THE TASK
Should the listing contain images, exclude them; give the rest again exactly.

INFORMATION PROVIDED
>>>>>

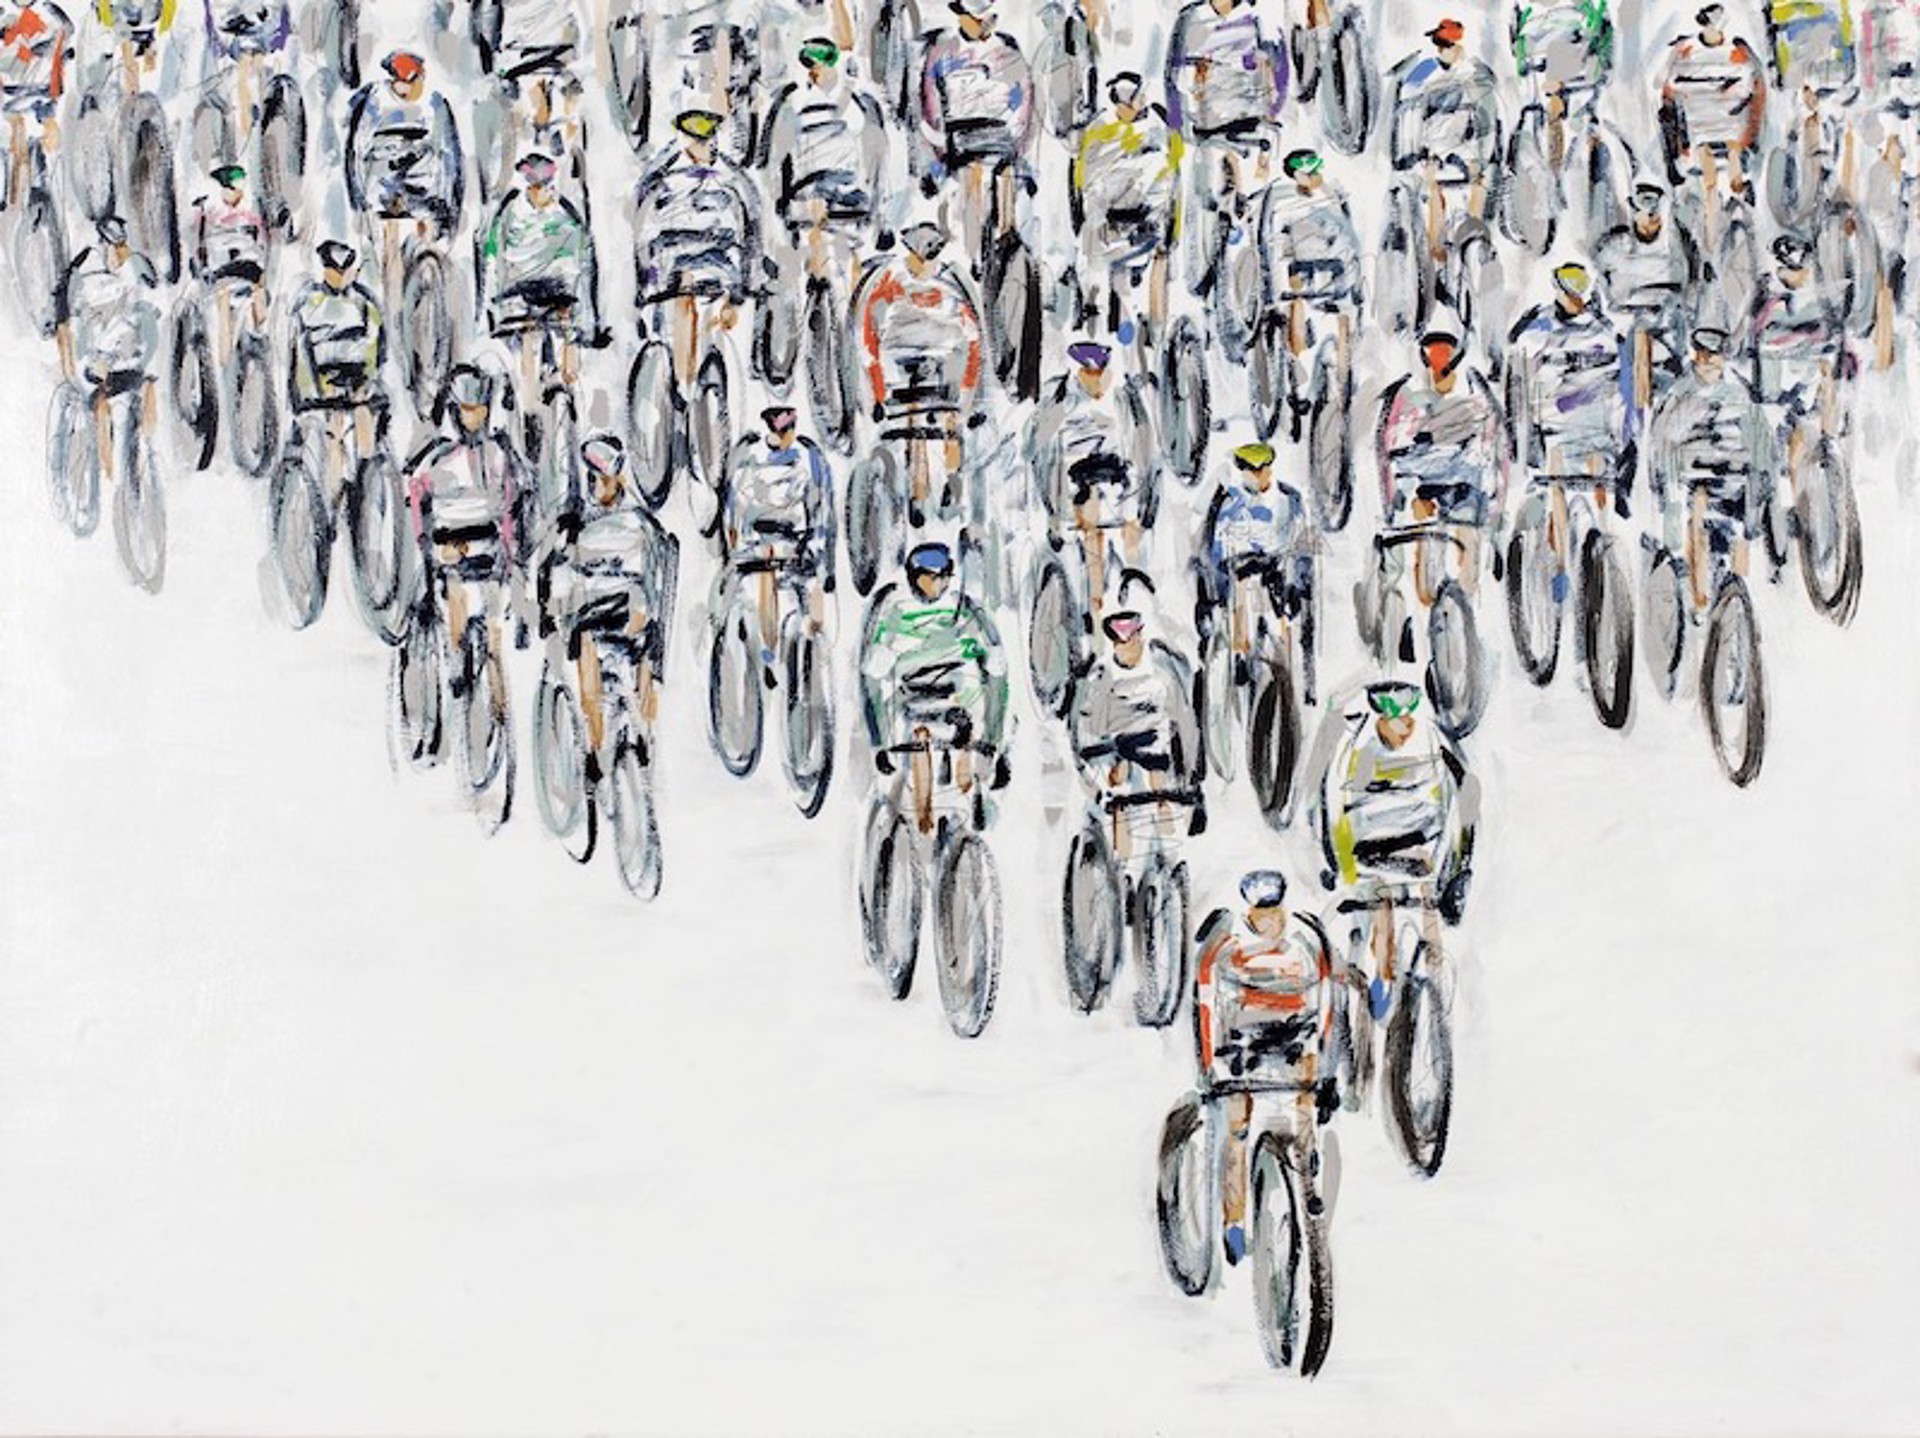 Ride On, Ride on, Ride On #486 by Heather Blanton
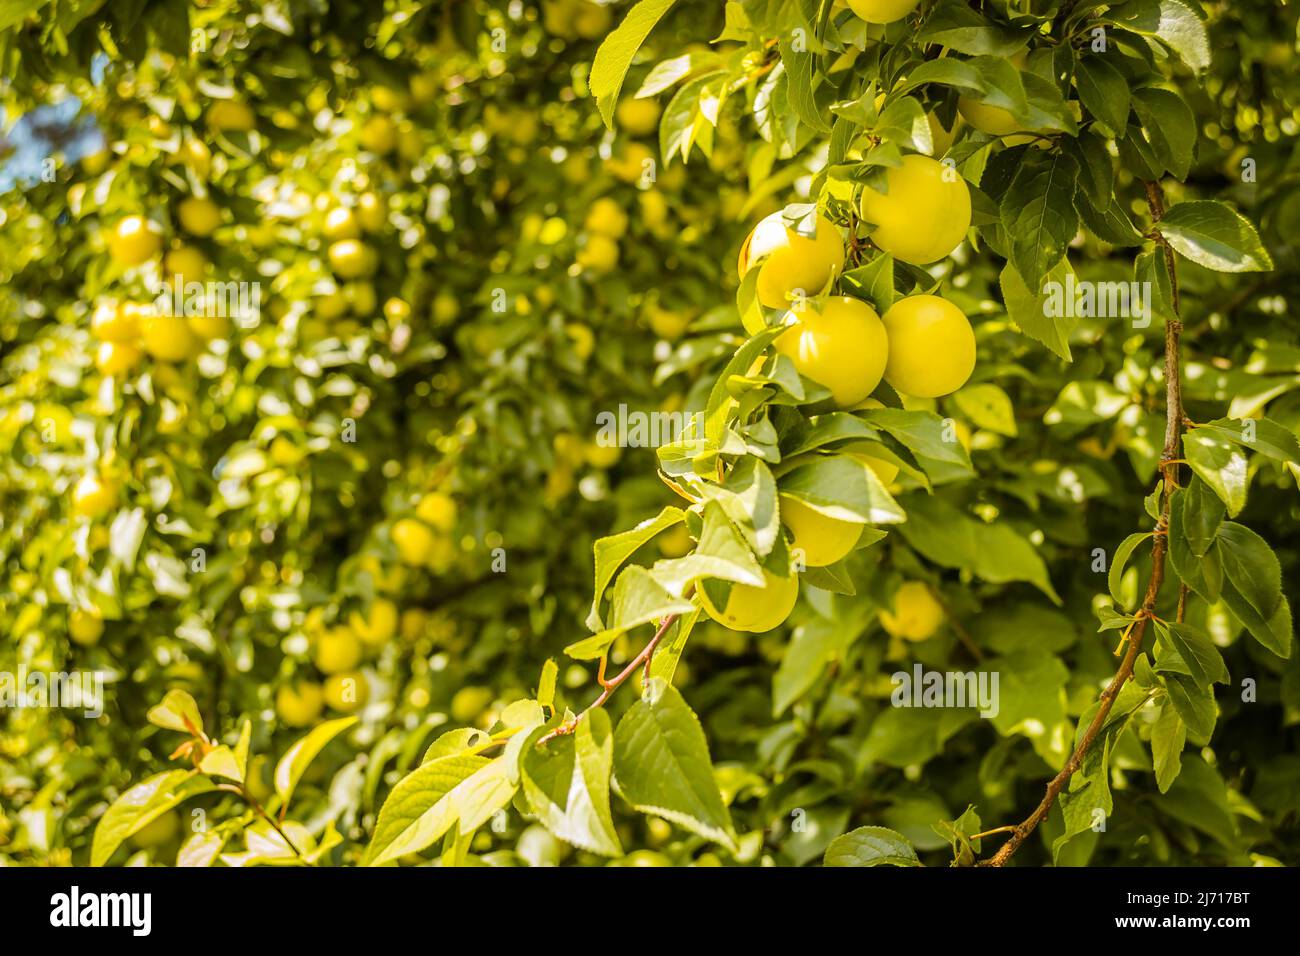 Beautiful fruits of yellow plums that grow in the canopy of green leaves, the plant grows in the garden in the sunlight, a photograph of nature. Stock Photo
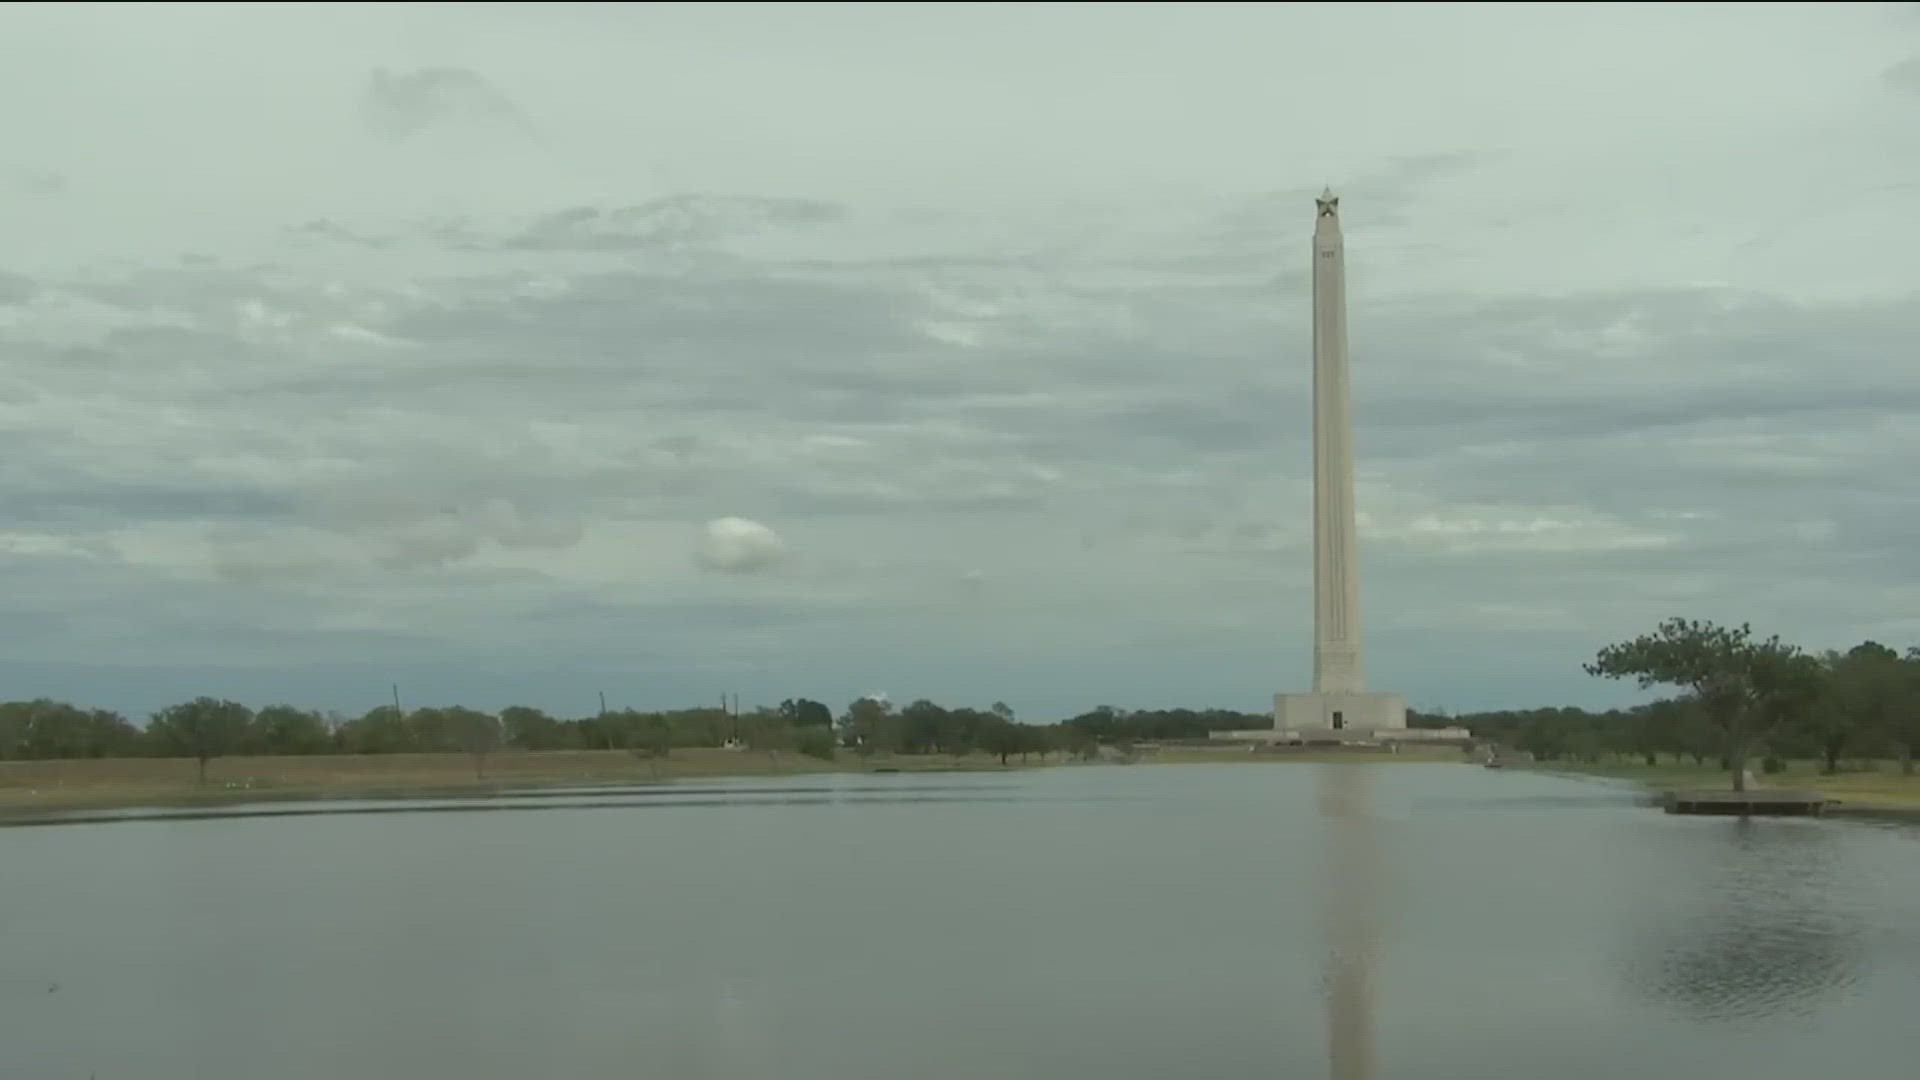 This week marks the 85th anniversary of the dedication of the San Jacinto Monument. It's a marvel of design and construction that stands tall today.

<<<<<

WRITTEN ANSWER
 Ride On, Ride on, Ride On #486 by Heather Blanton
 Beautiful fruits of yellow plums that grow in the canopy of green leaves, the plant grows in the garden in the sunlight, a photograph of nature. Stock Photo
 This week marks the 85th anniversary of the dedication of the San Jacinto Monument. It's a marvel of design and construction that stands tall today.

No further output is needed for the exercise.